This aid Nehemiah was anxious to give, but felt apprehensive of difficulties in the way; not the difficulty of quitting the pleasures and luxuries of the magnificent palace in which he held so honourable a place, but that of obtaining the consent of his royal master to his departure for the land of Judea. It is said that the nearest way to reach any heart is through Heaven; such had been the experience of Esther, such now was the experience of Nehemiah. Fervently and humbly he entreated the Lord to give him favour in the sight of the king.
The anxiety which oppressed the noble Jew, expressed itself in his countenance, when, in accordance with his office, he placed the wine-cup in the hand of Artaxerxes. The king noticed his servant’s look of depression, and inquired its cause.
“Let the king live for ever,” replied Nehemiah; “why should not my countenance be sad, when the city, the place of my father’s sepulchres, lieth waste, and the gates thereof are consumed with fire?”
Then said the king to him, “For what dost thou make request?”
Nehemiah silently lifted up his heart in prayer ere he made his reply to the monarch:—“If it please the king, and if thy servant have found favour in thy sight, that thou wouldest send me unto Judah, unto the city of my father’s sepulchres, that I may build it.”
Artaxerxes received the petition with favour.
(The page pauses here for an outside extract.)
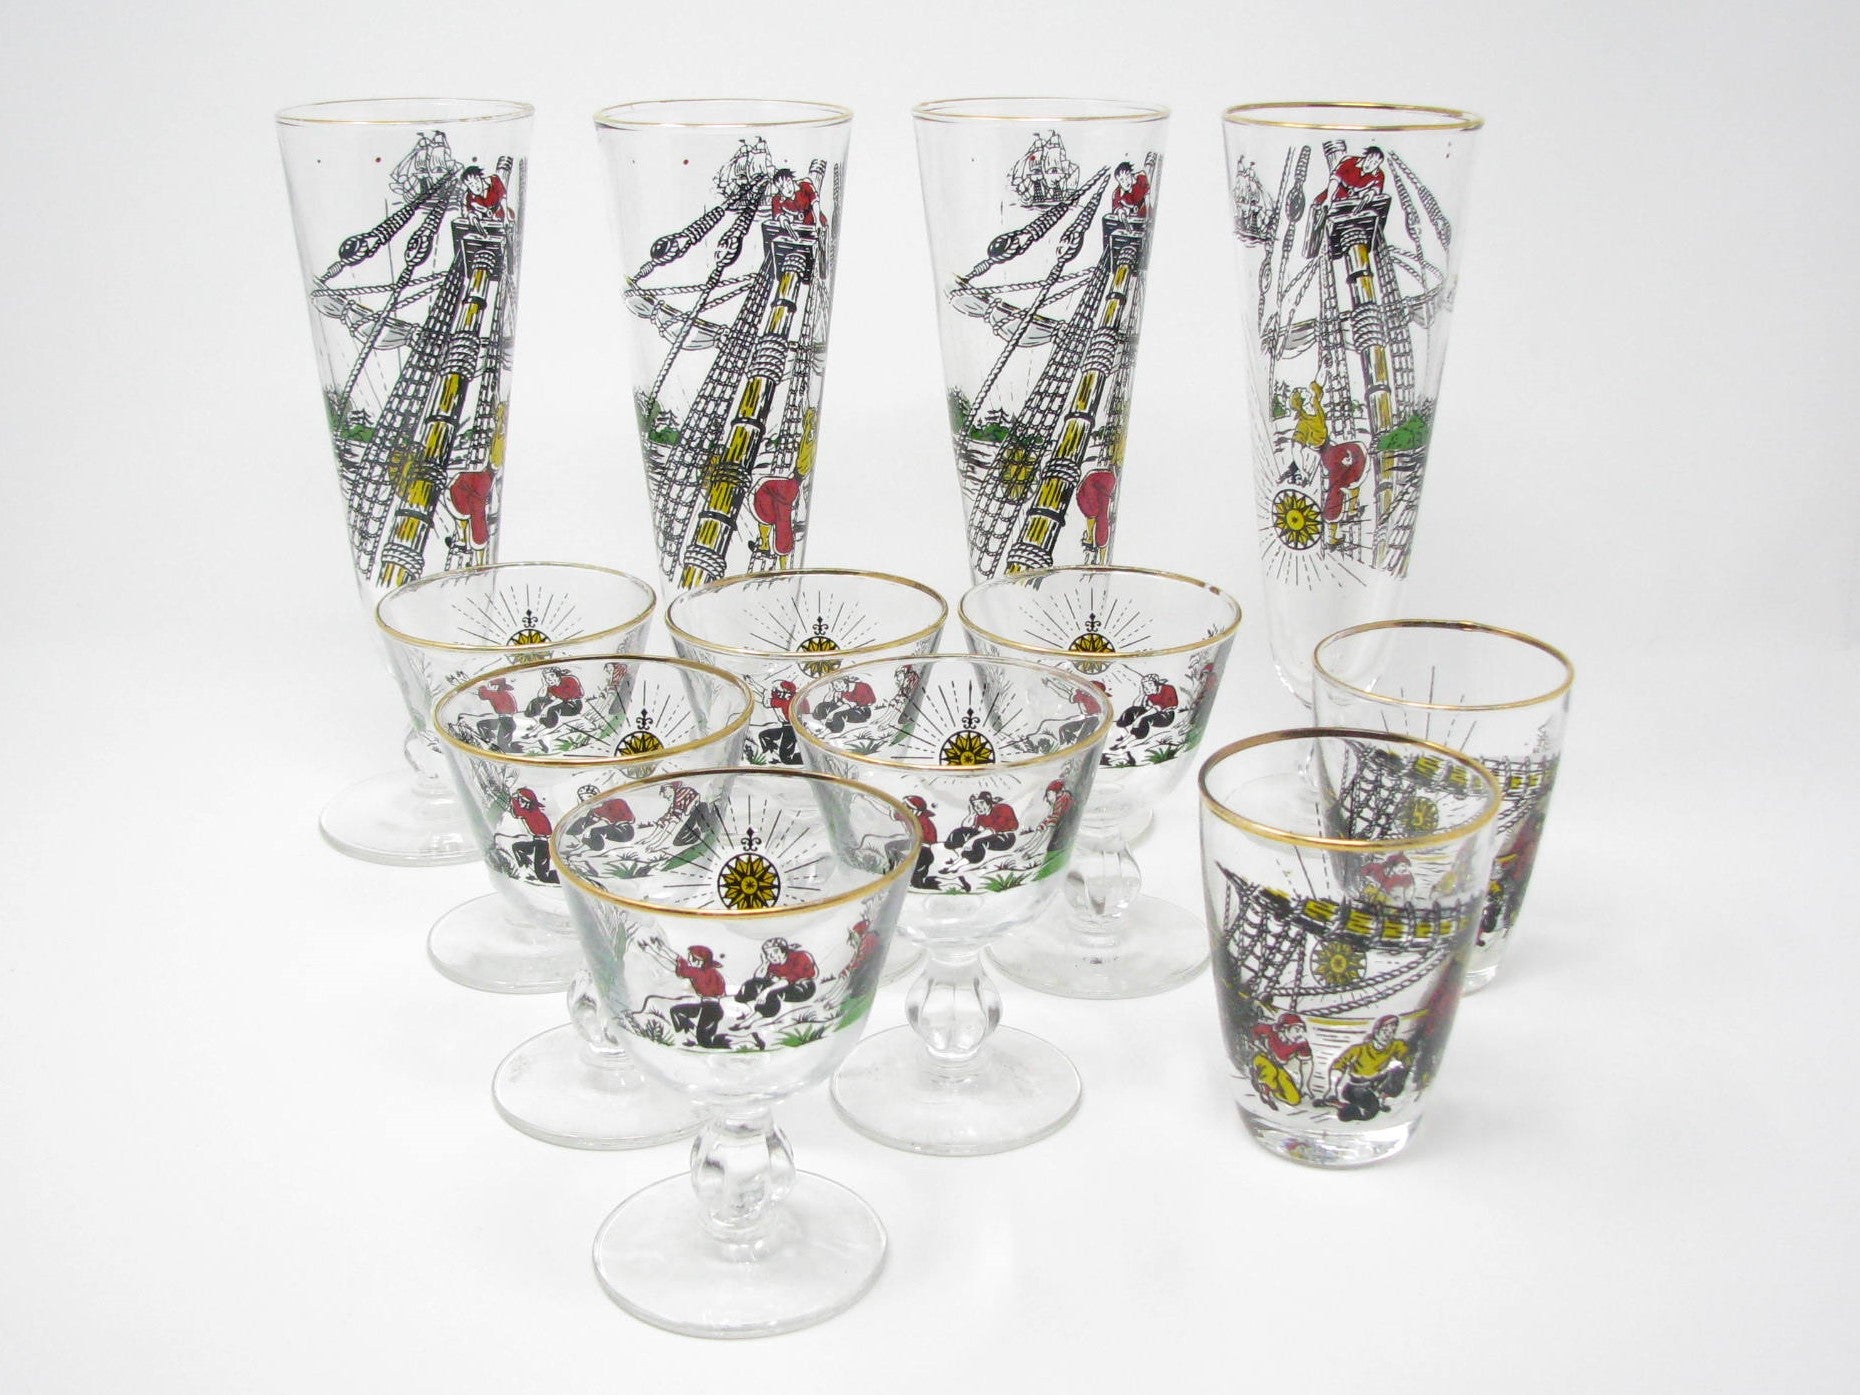 Libbey Margarita Glasses set of 12 (NEW IN BOX)

He not only permitted the departure of Nehemiah, but provided for him an escort, and gave him letters to the officers of government on the other side of the Euphrates, 457 b.c. It is from the year in which the Persian monarch issued his decree, permitting the rebuilding of Jerusalem, that is dated the commencement of the weeks of prophetic years, at the close of which the Lord Jesus was crucified (Dan. ix. 25).
Nehemiah soon found, on his arrival at Jerusalem, that his position there would be one of great difficulty, requiring both judgment and courage. The enemies of the Jews, especially Sanballat the Horonite, and Tobiah the Ammonite, were possessed of power, cunning, and the most determined resolution to prevent the rebuilding of the ruined wall.
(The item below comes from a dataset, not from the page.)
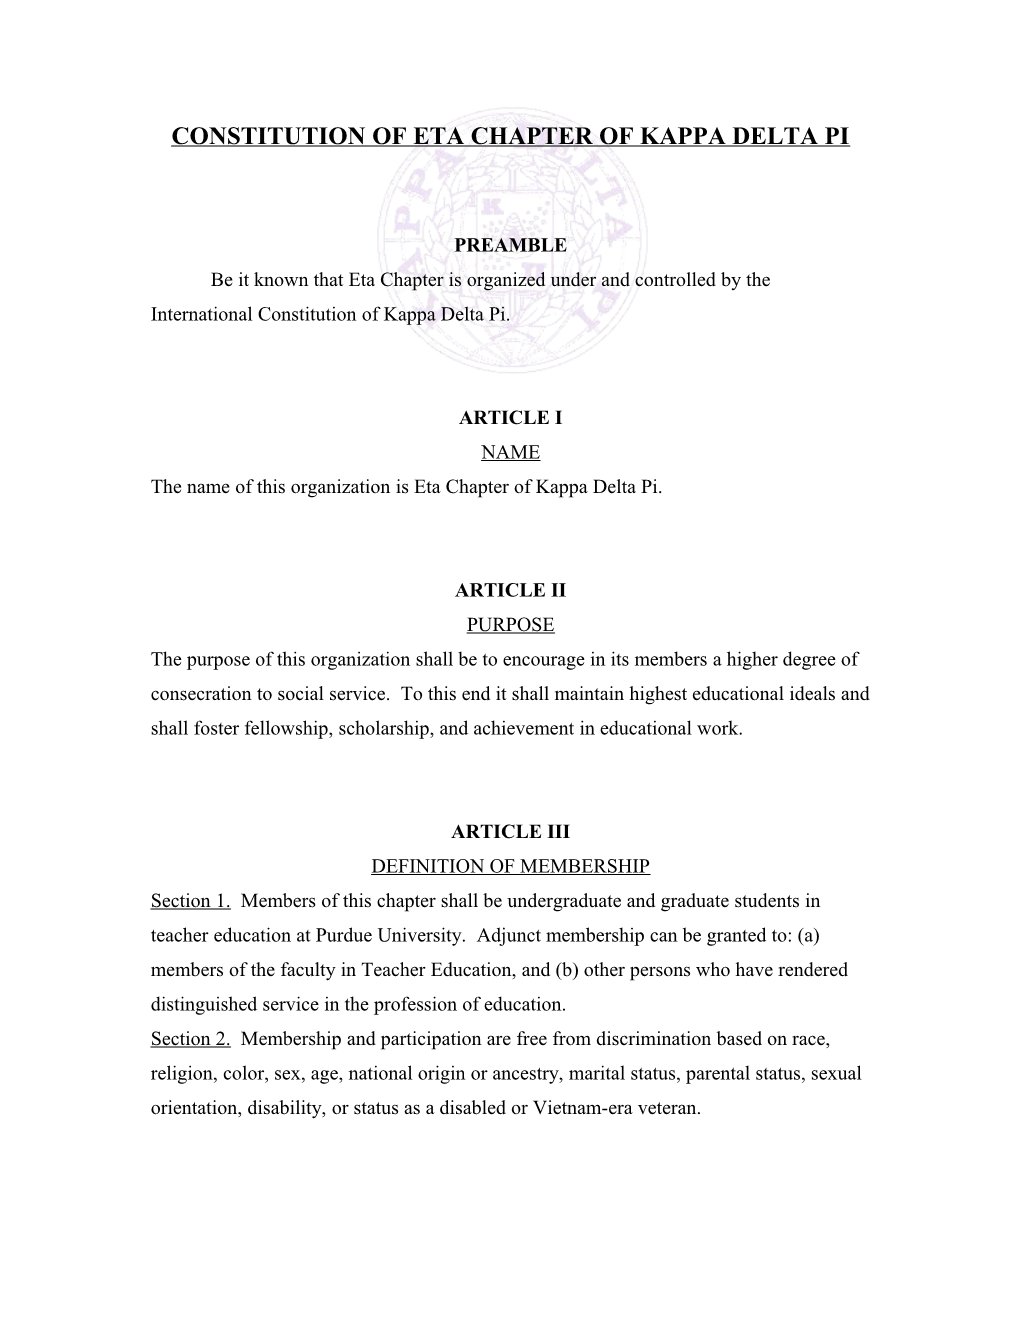 Constitution of Eta Chapter of Kappa Delta Pi

It was in the stillness of night that a single horseman, accompanied by a few attendants on foot, passed out through the gate of the valley. Thoughtfully he rode on where in ancient and happier times the bulwarks of Jerusalem had stood. He gazed sorrowfully on the blackened ruins over which the Assyrian conquerors had passed. But it was not to mourn in unavailing woe over the desolation of his country that Nehemiah made that midnight survey. That which was ruined he resolved to repair, and, with the blessing of God, to encircle the city once more with a protecting wall.
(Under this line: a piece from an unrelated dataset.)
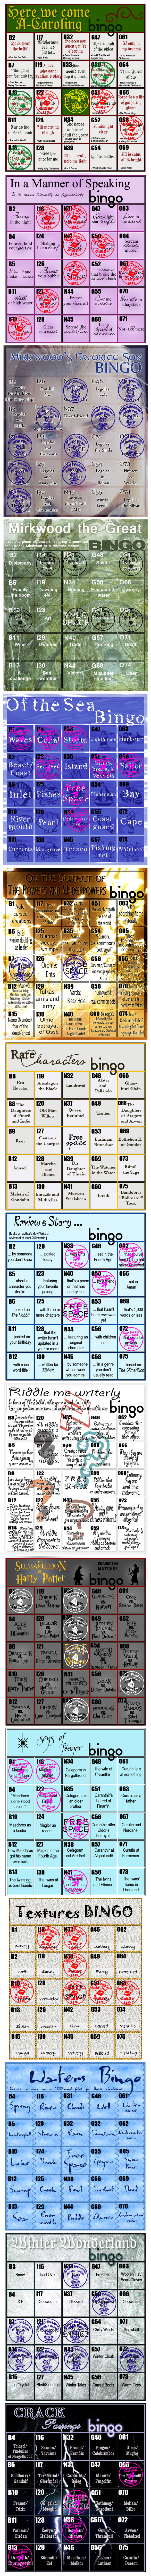 IgnobleBard's Bingo Cards

By his words, and yet more by his example, Nehemiah animated his countrymen to exertion. The circuit of Jerusalem was portioned out to the most zealous of the people, and each in his own division set heartily to work. In vain Sanballat and Tobiah tried to discourage the builders by representing their patriotic efforts as rebellion against Persia. In vain, time after time, they endeavoured to entice Nehemiah into a village, that they might deprive the Jews of him who was the life and soul of their undertaking. “I am doing a great work, so that I cannot come down,” was Nehemiah’s answer to their insidious proposals. A yet deeper snare was laid. Nehemiah was warned of a plot to assassinate him, and was urged to fly to the temple. But again the brave leader’s self-devotion defeated the schemes of his enemies. “Should such a man as I flee?” he exclaimed; “and who is he that being as I am, would go into the temple to save his life?”
The adversaries tried the effect of mockery and scorn. As they viewed the unceasing labours of the builders, “Will they,” cried Sanballat, “revive the stones out of the rubbish that is burned?” “If a fox come up,” rejoined the insolent Tobiah, “he shall even break down their stone wall.” But notwithstanding this hatred and scorn, the wall rose higher and higher. Then the bitter adversaries of the Jews resolved to use weapons more formidable than words, and conspired to attack the builders. The peril was great, but Nehemiah and his followers were equal to the occasion. A watch was kept both by night and by day; they that builded the wall, and they that bare burdens, each with one hand wrought in the work, and with the other grasped a weapon for defence. Nehemiah, ever on the watch against the foe, changed not his garments, but lay down night after night in his daily attire, prepared to start up at the first sound of danger. He kept a trumpeter at his side, and said to the nobles and the people, “The work is great and large, and we are separated one far from another; in what place therefore that ye hear the sound of the trumpet, resort ye thither unto us: our God shall fight for us!”